### Exercise description
Reproduce the data below exactly as written. Pictures do not belong in the copy.

### Input data
-- Opening Marker --

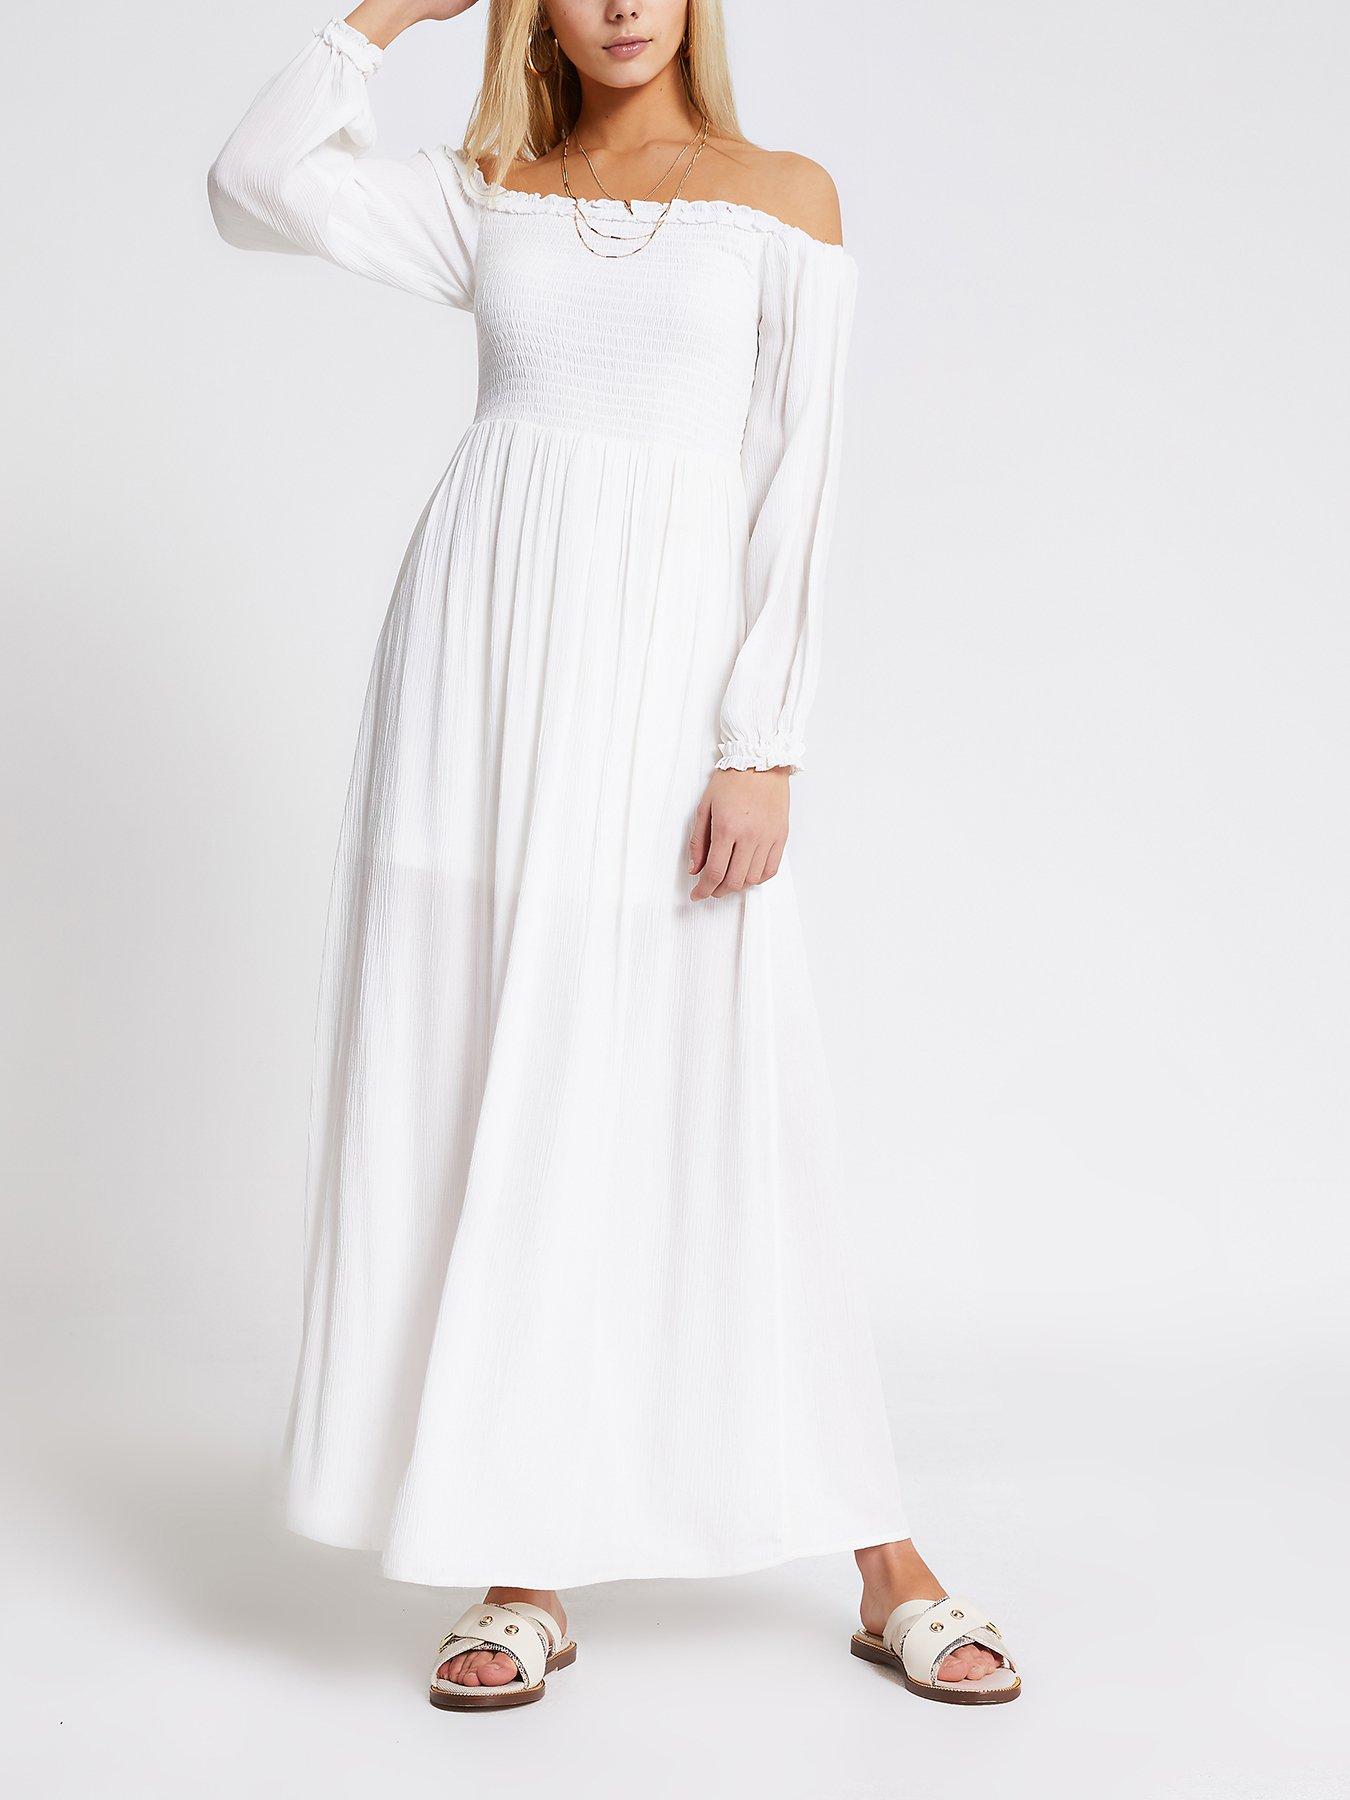 river island white linen dress
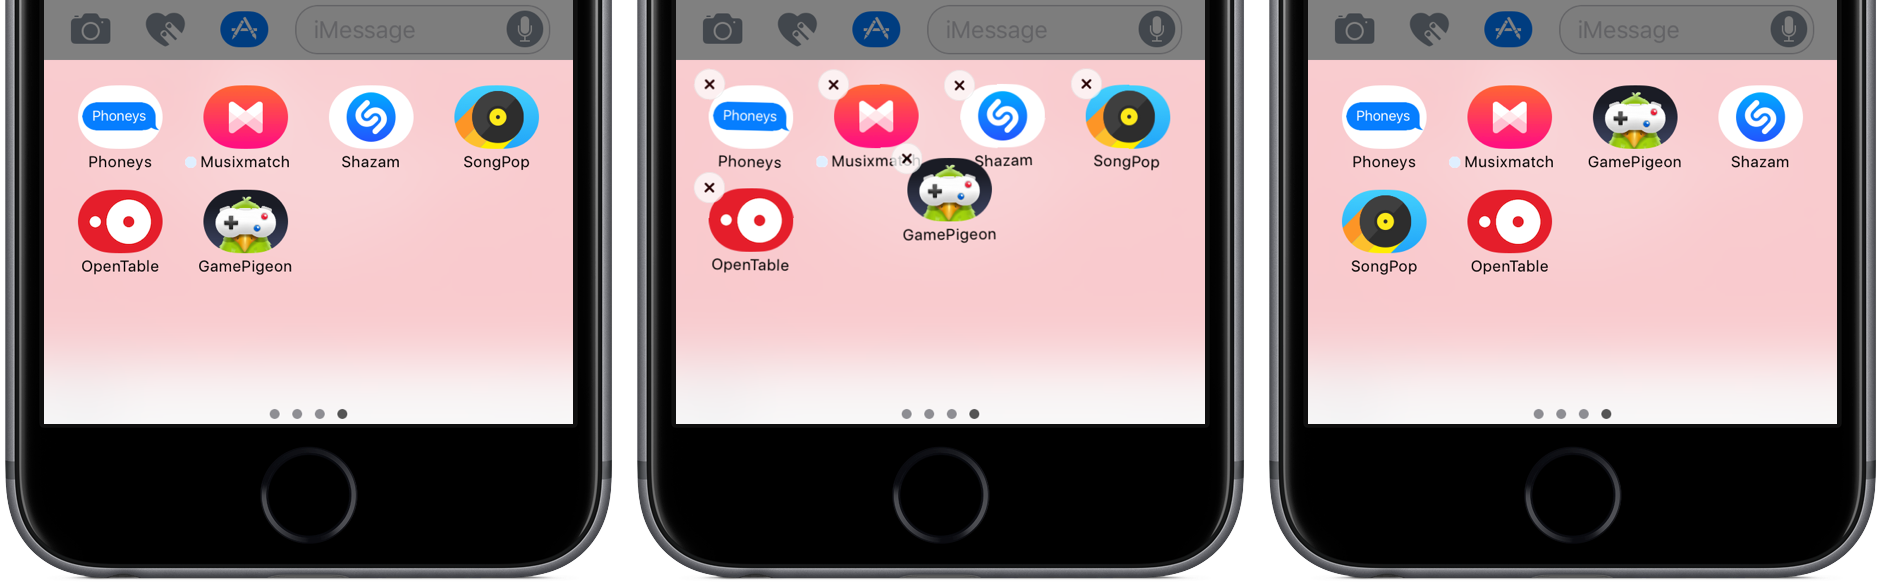 iOS 10 Messages organize apps iPhone screenshot 001
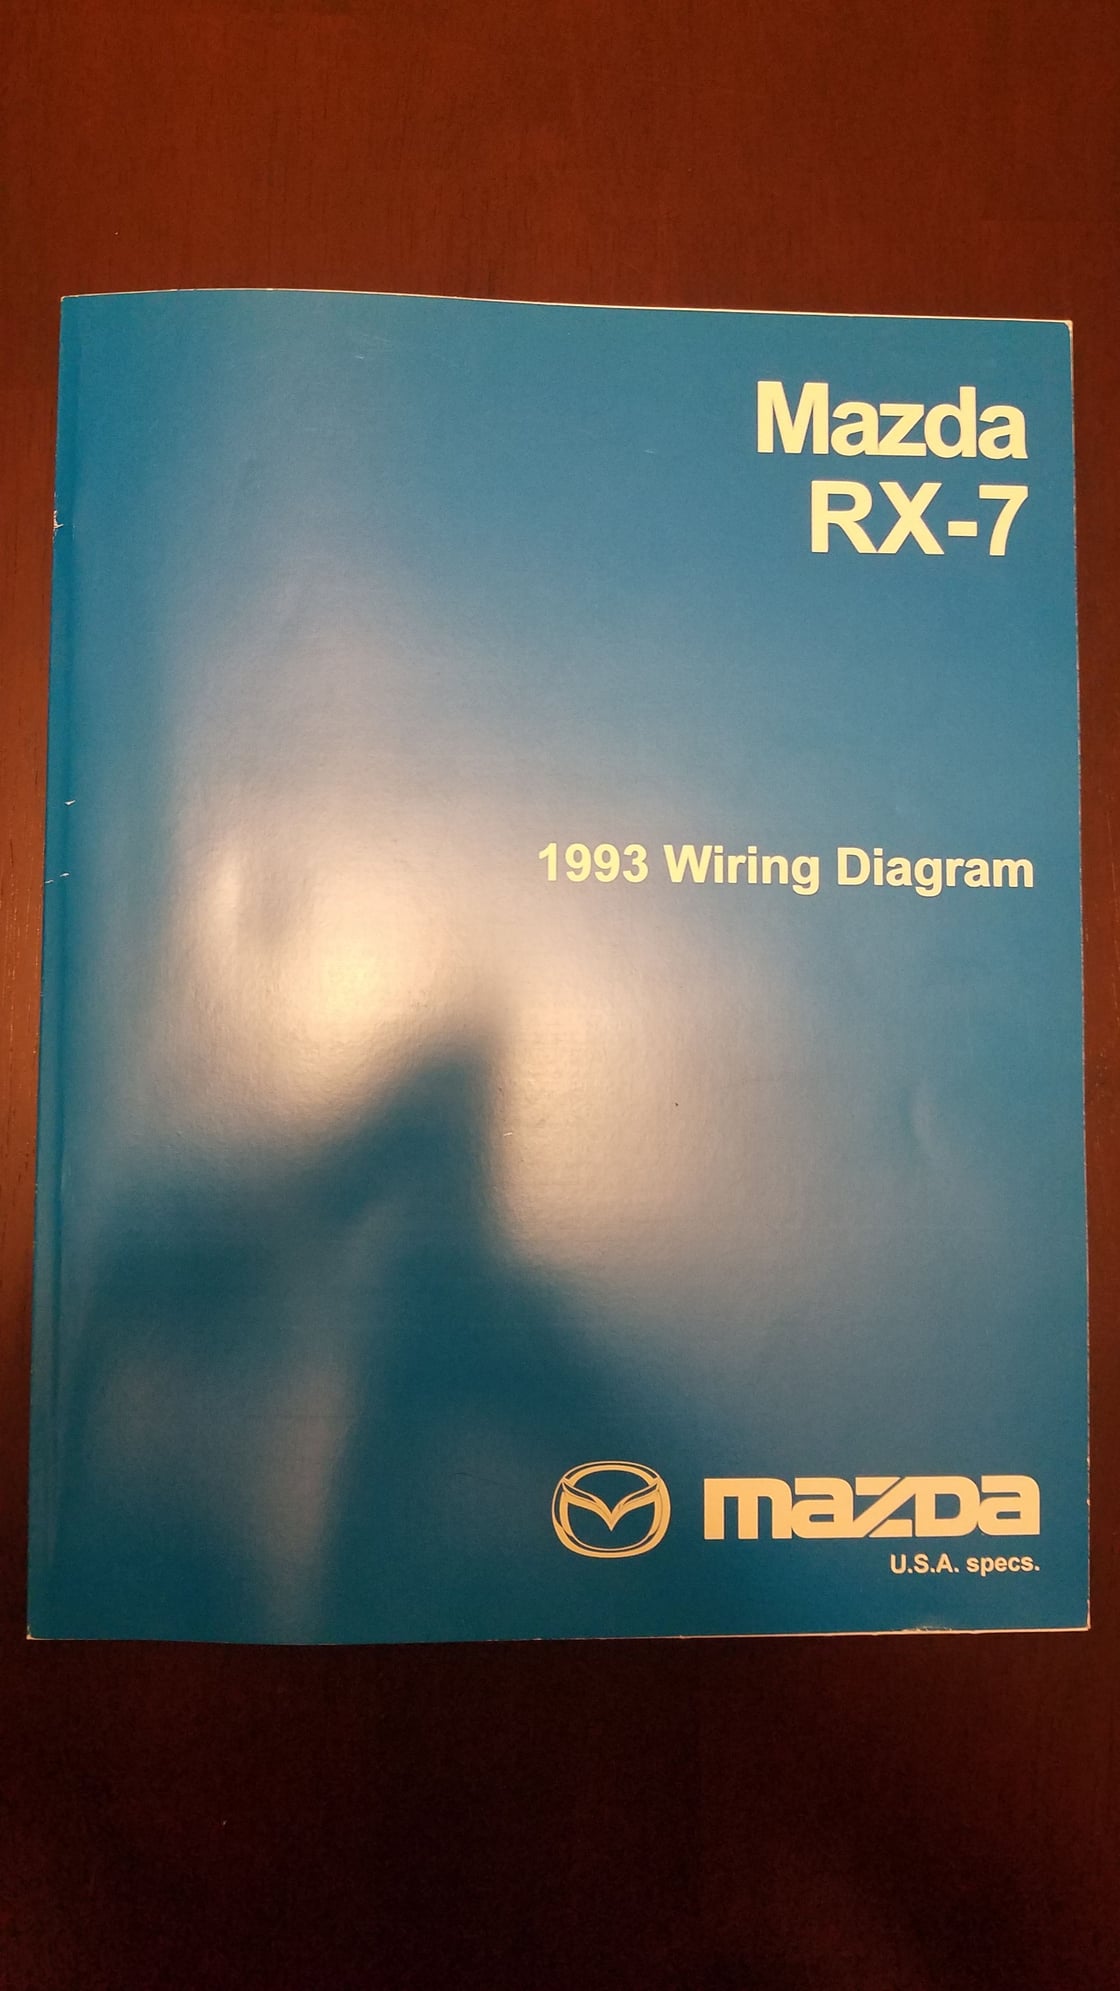 Accessories - 1993 FD RX-7 Wiring Diagram - New - 1993 to 1995 Mazda RX-7 - Austin, TX 78704, United States

-- Closing Marker --

### Answer section
 river island white linen dress
 iOS 10 Messages organize apps iPhone screenshot 001
 Accessories - 1993 FD RX-7 Wiring Diagram - New - 1993 to 1995 Mazda RX-7 - Austin, TX 78704, United States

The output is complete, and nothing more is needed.